Anterior impingements are a pain! Along with mobilisations of which using MWM would give immediate response as to its effectiveness i have recently been very impressed with Functional fascial taping especially developed for anterior impingement in ballet dancers. Basically take the rower into pain position then on the site of pain direct the skin in differing directions until you find the direction that abolishes pain. Then tape strongly into this position with half width non elastic tape.

Title: 

Manual therapy for ankles

Added by: 

nellmead

Posted: 

26 August 2009 10:29

Not sure what you've done to date regarding the capsular restriction, but the vast majority of my patients in this situation respond well to joint mobilisations - distraction of the talocrural joint (i.e. patient supine and holding onto the bed, grip calcaneus and talus and pull, grade 3 oscillations, until you feel the joint "give") followed by AP/PA glides; then I'd also palpate for subtalar joint mobility and inferior and superior tibiofibular joint glide. If your patient is still feeling impingement at EOR DF once these feel clear to you, then localise the point of impingement and stretch the foot into plantarflexion with a bias away from the impingement, to stretch the capsule at that point.

For "homework" I tend to get the patients stretching into plantarflexion - kneel with feet plantarflexed, and sit back onto the heels until it becomes too uncomfortable, building up to about a minute over time. Again, they can bias the stretch with in/eversion depending on the location of the impingement.

Title: 

Osteochondral injury?

Added by: 

ricedf

Posted: 

26 August 2009 08:52

Just wondering if you had considered the possibility of osteohcondral injury. The risk of this increases with the grade of ankle sprain and reported incidence is in 40% of ankle sprains.

Patients complain of an ache, intra-articularly, on loading the joint and with end range DF. This will be demonstrable on MRI and is an important differential diagnosis as this injury can require a protracted rest period and occassionally surgical management should there be significant articular surface damage. Where this is present then rest is necessary to prevent a chronic inflammatory state and reduce the risk of further damage to the articular surface. Modified activity is possible.

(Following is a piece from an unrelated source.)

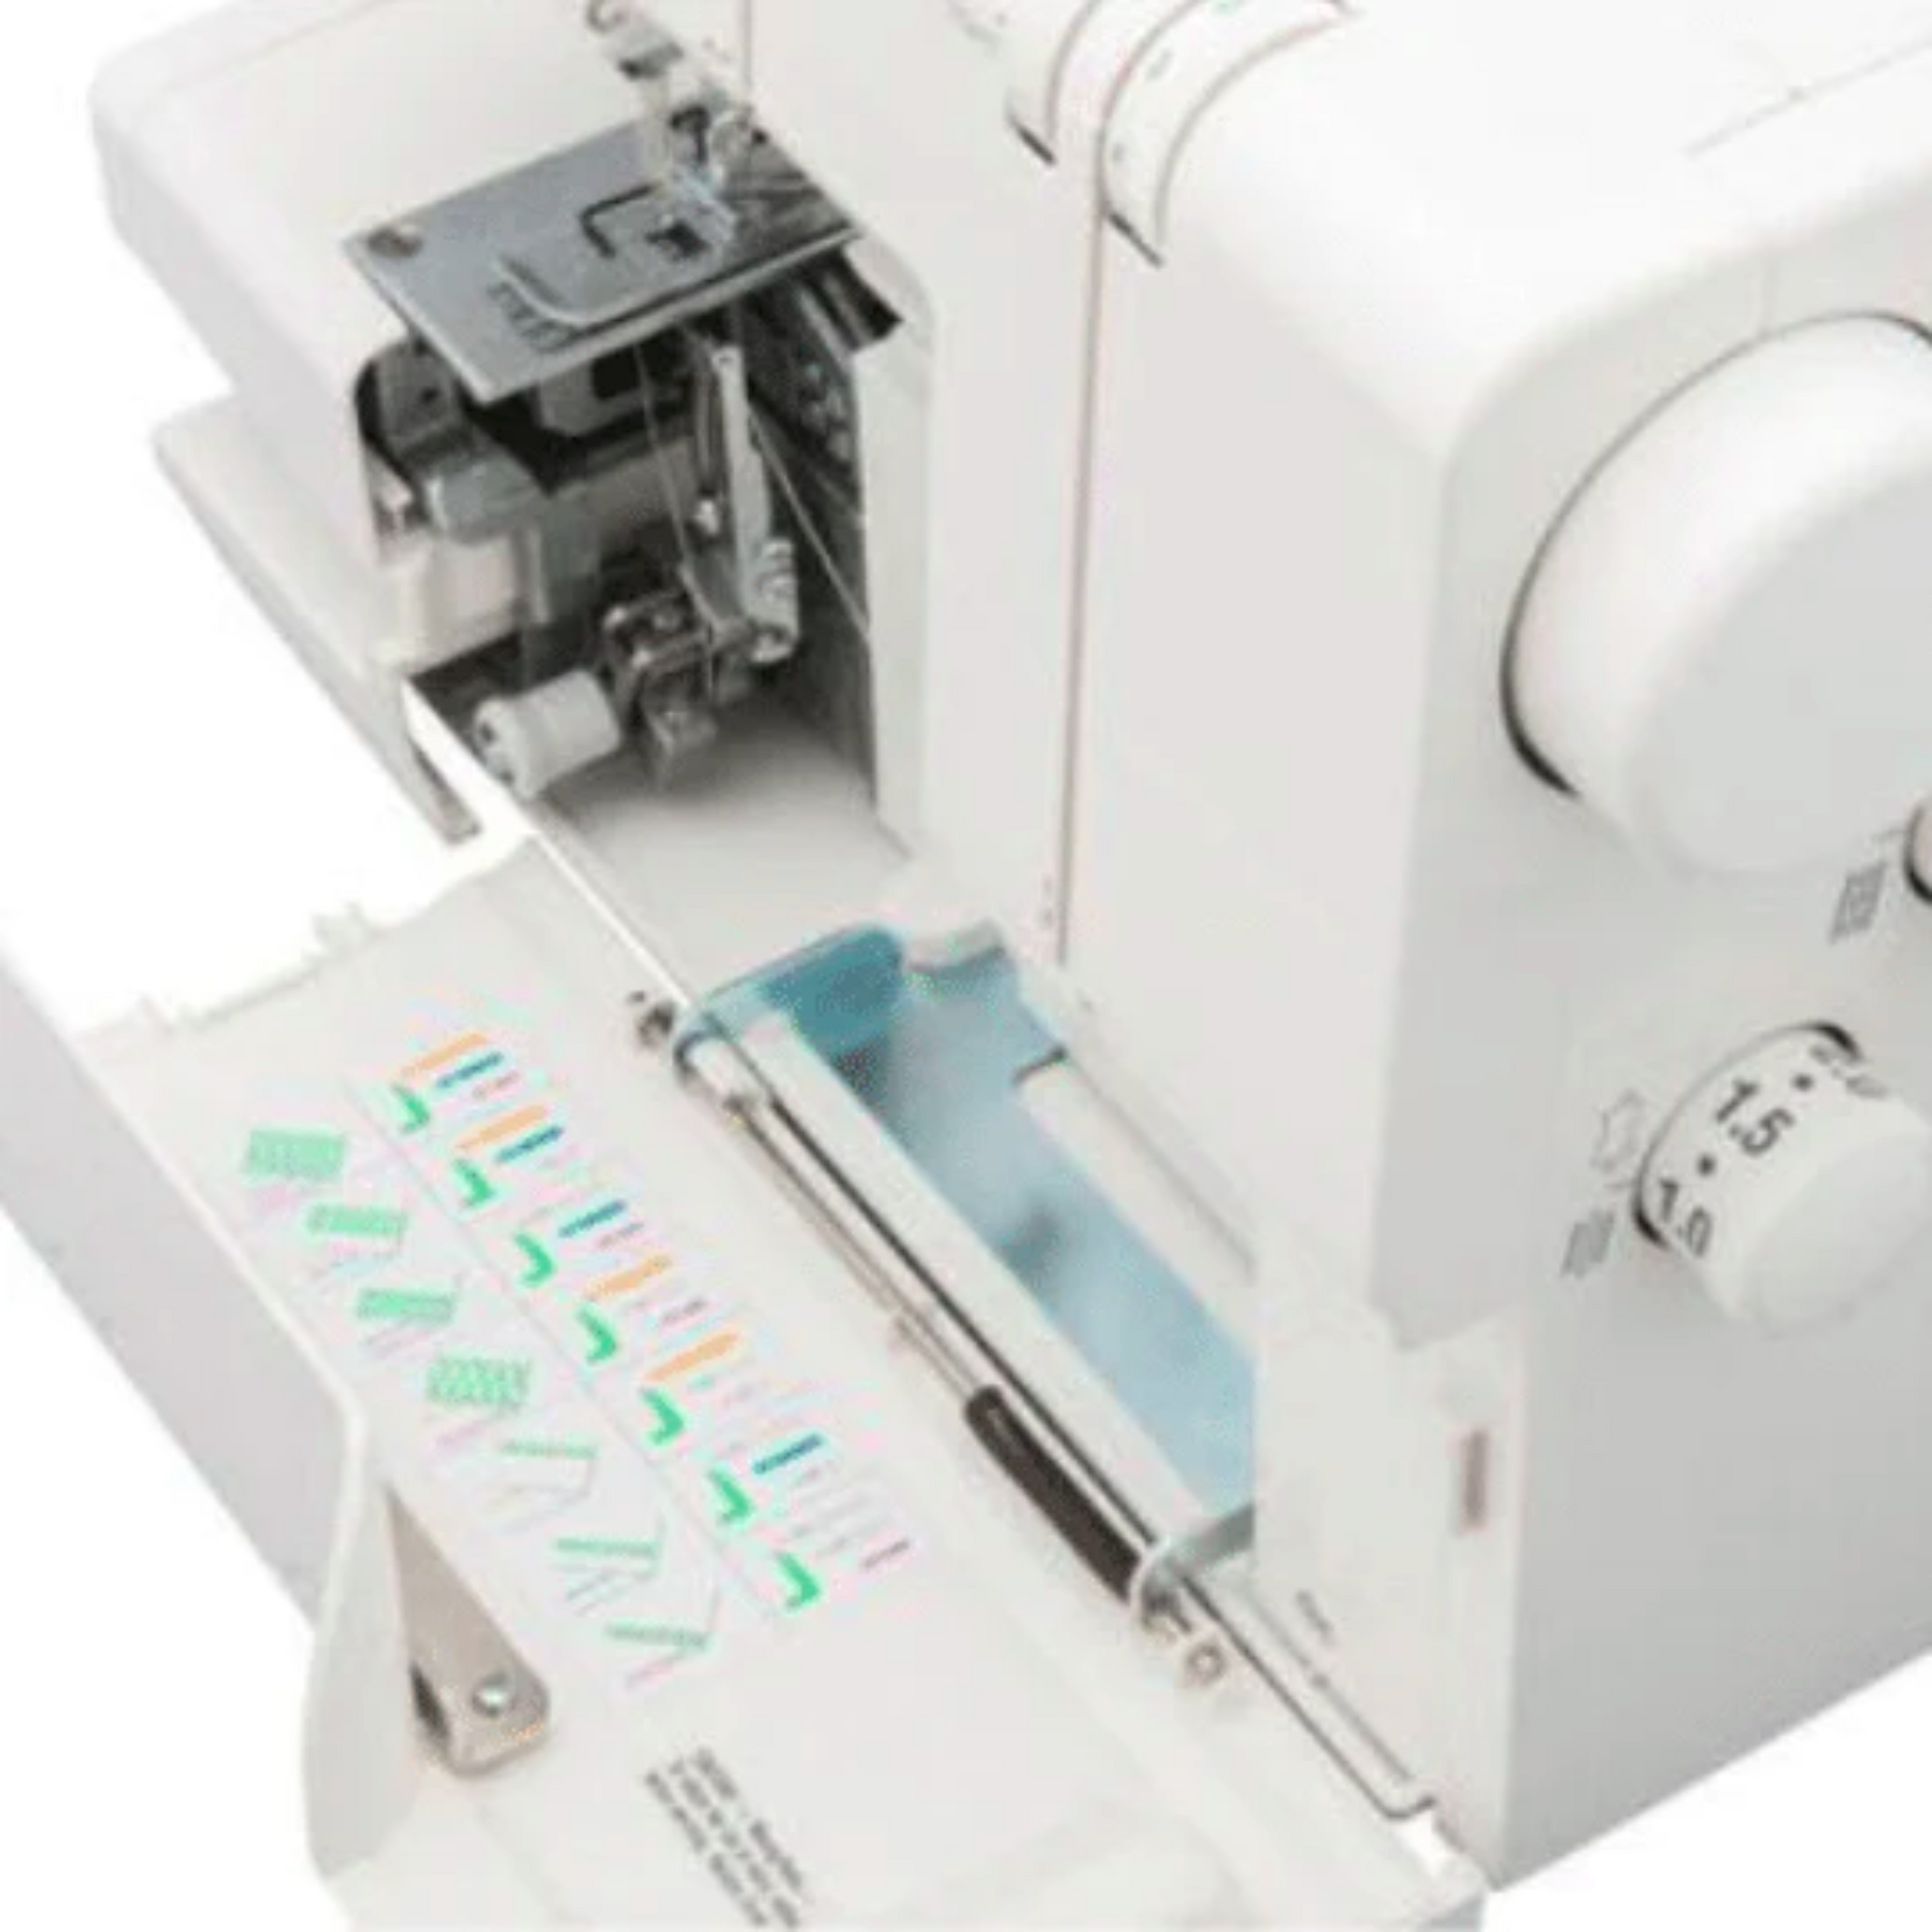 Janome coverpro 2000CPX coverstitch machine - White - Close view

A synovitis can sometimes be managed successfully with steroid injection but I'm not aware of successful physiotherapy management and as time scales are tight this may be the best course of action.

Regards,

Damian

Title: 

Ankle Impingement

Added by: 

JDVN

Posted: 

26 August 2009 08:28

If you have several months to play with it may be beneficial to give the capsule a chance to settle down. We do this by imobilising the ankle in a boot for 7-10 days while on NSAIDS. The ankle can still be mobilised with conventional manual therapy techniques. If this doesn't completely irradicate symptoms steroidal injection could be considered witha similar time of imobilisation. I have found investing in that first week of immobilisation to address the synovitis beneficial to final outcome.